Resource Discovery and Compliance Assessment
Azure Resource Graph allows querying resource properties across subscriptions using KQL (Kusto Query Language), enabling governance teams to discover resources that do not meet standards. For example, you could query for all storage accounts without encryption enabled or all network security groups with overly permissive rules.
Compliance Manager helps organizations assess their cloud compliance status against standards like ISO 27001, HIPAA, GDPR, and PCI-DSS. It provides templates, assessment tools, and recommendations for improving compliance posture.
Repeatable Governance Frameworks
Azure Blueprints enable organizations to define a repeatable set of Azure resources, including policies, role assignments, and resource deployments. When an organization needs to create consistent, compliant environments, blueprints automate deployment of approved architectures. Blueprint versioning allows rolling back to previous compliant states if needed.
Governance Best Practices and Study Strategies
Mastering Azure governance requires understanding both theoretical concepts and practical implementation. Start by grasping the fundamental principle that governance enables organizations to maintain control while enabling innovation.
Conceptual Learning Framework
Focus on learning the relationships between services. Understand how Azure Policy enforces compliance, RBAC controls who can do what, and Cost Management ensures financial accountability. Create a mental model of the governance hierarchy from organization level down to individual resources.
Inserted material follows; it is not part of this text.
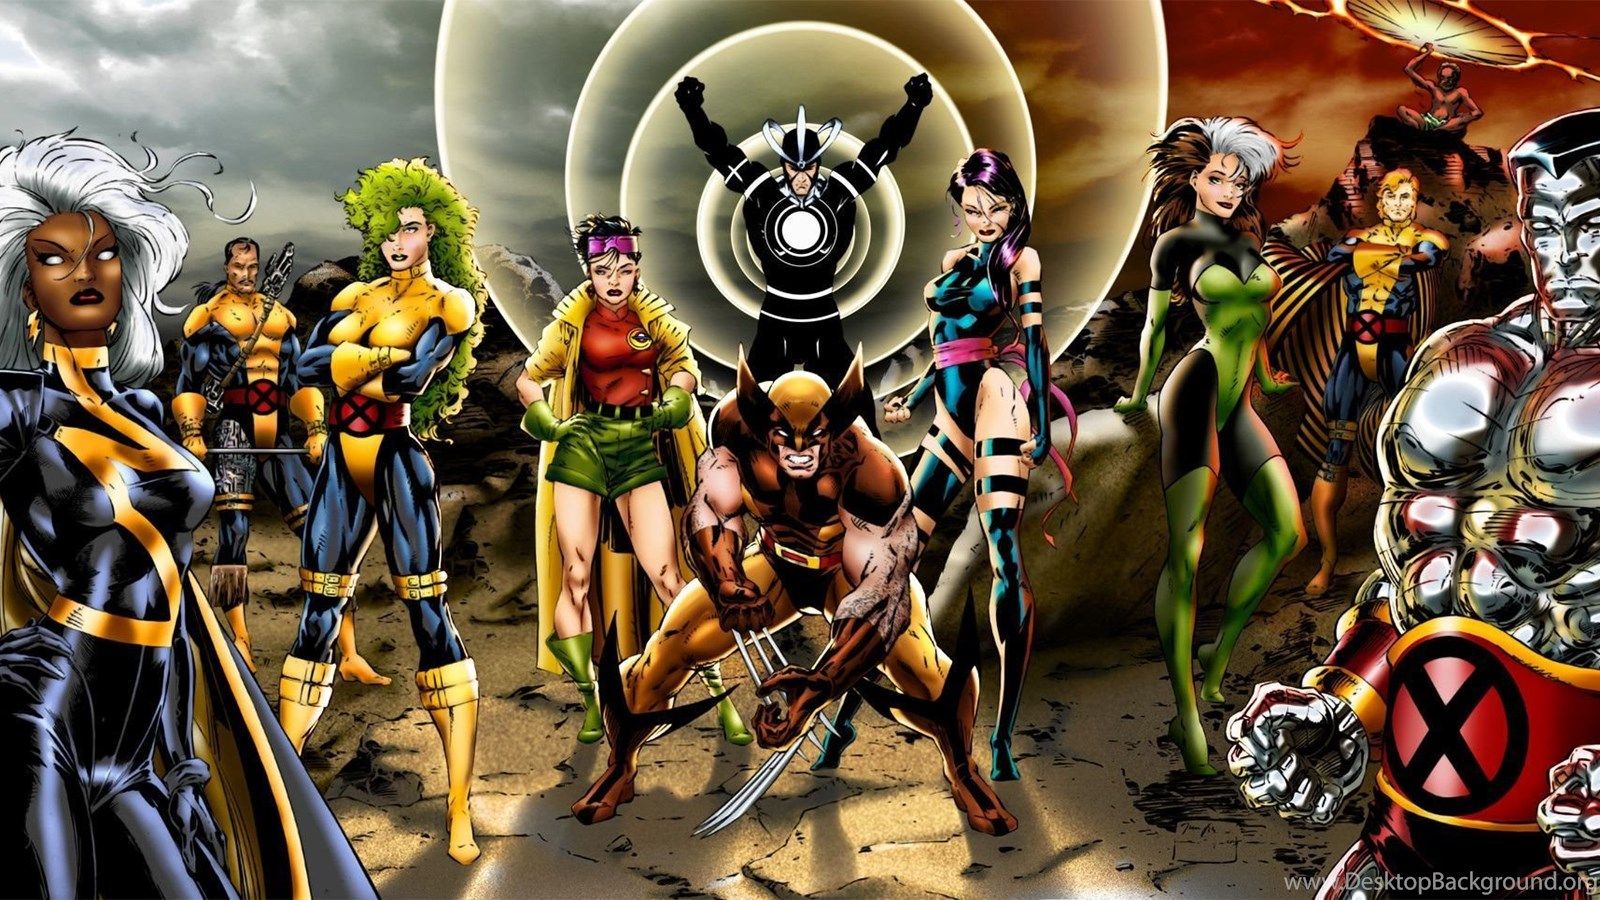 Best Image Gallery For X Men Comics Wallpaper HD Wallpaper. Desktop Background
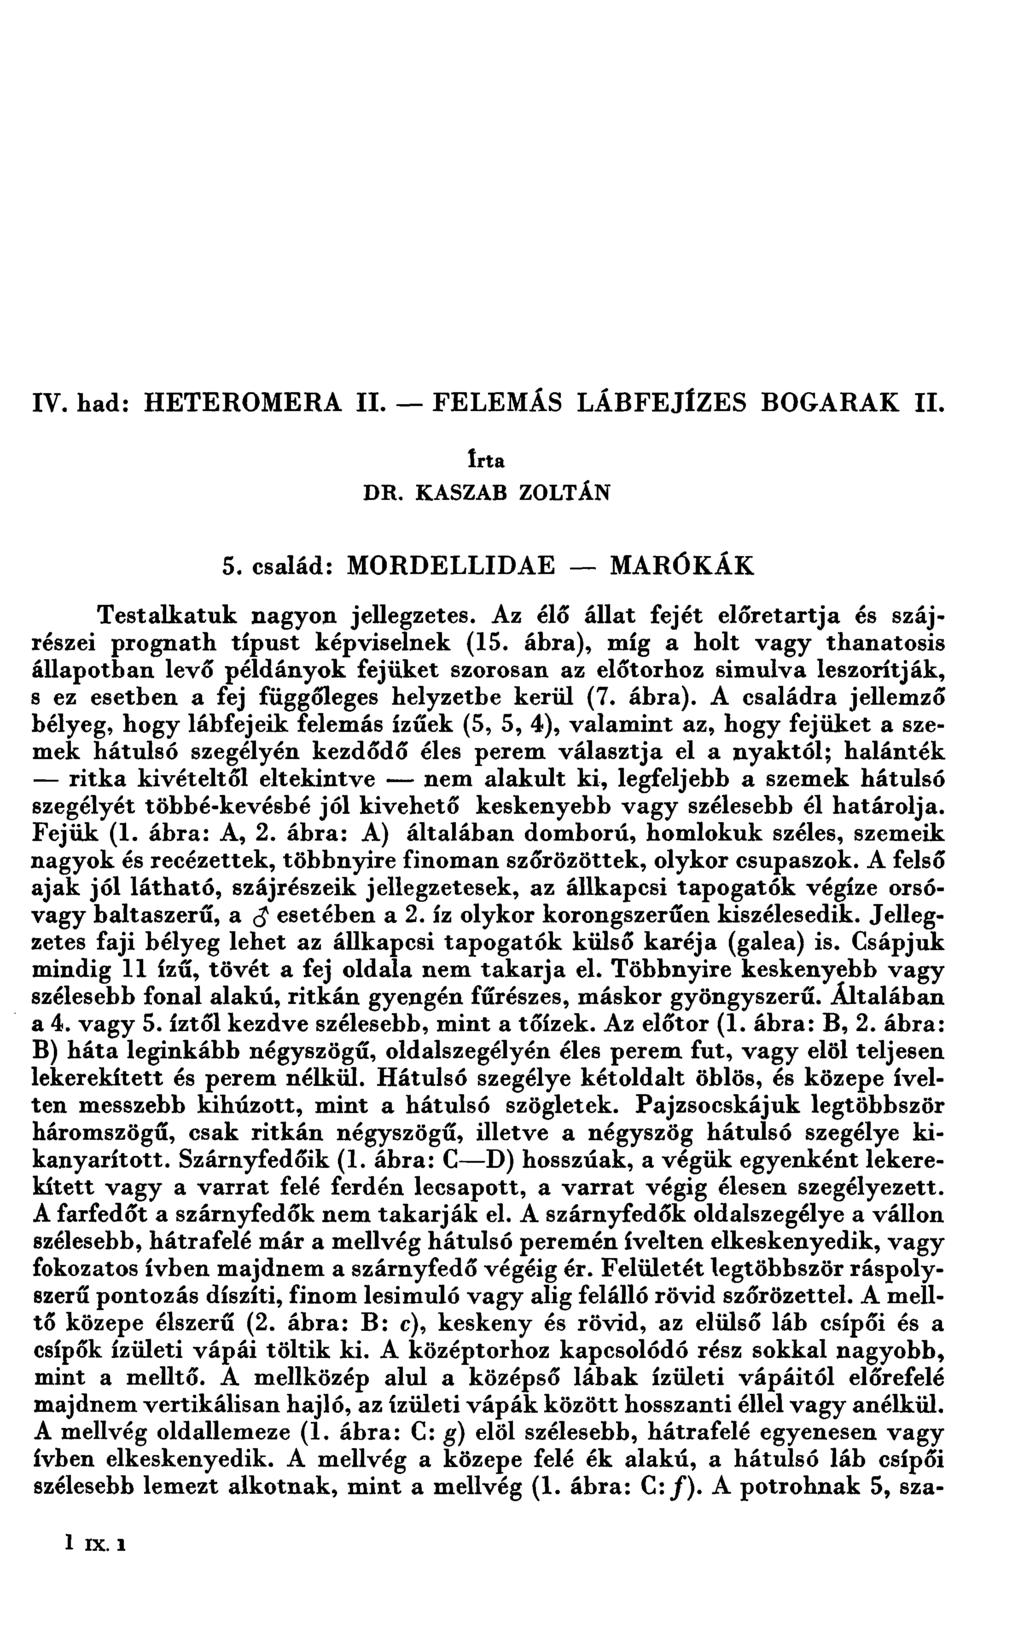 IV. had: HETEROMERA II. - FELEMĂS LĂBFEJÍZES BOGARAK II. Iı-ta DR. KASZAB ZOLTÁN 5. család: MORDELLIDAE -- MARÓKĂK Testalkatuk nagyon jellegzetes.

Practice thinking through real-world scenarios such as setting up a new development team with appropriate access, ensuring a specific resource group complies with company encryption standards, or investigating unusual cloud spending.
Flashcard Strategy for Governance Topics
Flashcards are particularly effective for governance topics because they help you memorize specific roles, policy effects, RBAC scope levels, and compliance frameworks. Break complex topics into manageable cards, such as separate cards for each built-in role definition, each policy effect type, and each compliance framework.
Use spaced repetition to review cards regularly, strengthening neural pathways essential for exam success. Connect abstract concepts to concrete examples by creating scenario cards with a situation on the front and the governance solution on the back.
Hands-On Practice
For the AZ-900 exam, you will need to recognize governance scenarios and identify which tools and approaches apply. Practice labs in Azure's free tier help cement understanding by showing policies in action and RBAC decisions affecting resource access. Studying governance with spaced repetition systems maximizes long-term retention while building confidence in your knowledge.